Oh, No. Not a Beer Snob At All.

We've got new neighbors.

Mary-Next-Door moved at the beginning of January and we were relishing the silence and lack of diesel vehicles next door.

Not that Mary was bad, she wasn't, not at all.

She sold me these bowls at her yard sale:

I was in my pajamas, in the dark, at her yard sale. I hadn't brushed my hair. Or my teeth. But I WANTED these bowls. They are much prettier mixing bowls than the set I inherited from a co-worker. Plus, these are easier for me to lift down from their spot. It's love, I tell you.

Anyway, so she moved out. This weekend, the new people moved in. Jeremiah and I were hoping for a couple similar to ourselves - quiet, thoughtful neighbors. Aged appropriately, like us. We were hoping for people down with listening to some music, playing some games, and just hanging out. We were hoping for some nerds like us.

We had our first "Danger, Will Robinson" moment when they rolled up in a cheap sports car tricked out with a spoiler so big it could have acted as the doorway to Narnia.

But we remained hopeful. Right up until they were hanging around with friends after moving everything out of the Uhaul. We were getting ready to head out ourselves, so as Jeremiah was unlocking and opening my door for me I was spying.

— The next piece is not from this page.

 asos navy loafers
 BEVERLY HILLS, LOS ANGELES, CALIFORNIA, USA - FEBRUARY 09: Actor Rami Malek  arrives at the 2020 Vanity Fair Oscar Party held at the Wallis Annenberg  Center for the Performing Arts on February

Jeremiah: What do you see?
Me: Well, I see an Orange County Choppers shirt. This causes me to shiver just a bit, as I am not a car* person. 
Jeremiah: No big deal. He's not swayed in the least.
Me: I see a guy wearing a shirt that says "F*CK Scottsdale" This gets smirks and snorts from both of us.
Jeremiah: In front of their kids? Not so cool, I guess.
Me: Um, and they are all smoking and...
Jeremiah: And what?
Me: No, I can't. You won't like it.
Jeremiah: Tell me. I can take it. He braces himself.
Me: They are drinking Miller Lite.
Jeremiah: Oh my god.
Me: Out of cans.
Jeremiah: Silence. Forget it. It would never work between us.

And we drive away.

It occurs to me. In all the years that I have known Jeremiah, I have never seen him drink a beer from a can. Not once. And when I call him a beer snob he gets all upset. I am sorry, but you gotta call a spade a spade, you know?

So I don't think our new neighbors will become our besties, but who knows. Never give up.

P.S. Let's re-examine the bowls. Because they are that beautiful. When I use them I will fondly remember the short little woman with teased bottle blonde hair who could have easily been called a cougar, who hit on Jeremiah and wore short shorts. Sigh. Those were the good old days.

* Believe it or not, I actually know that OC Choppers is about bikes. As in, motorcycles. Not because I ever watched the show, but because I did watch Miami Ink religiously while it was on and they did tats for the guys in the shop. So why did I say cars? I think I might have been using cars as an interchangeable word for "thing that moves and goes vroom and gets you from Point A to Point B". That's my only defense.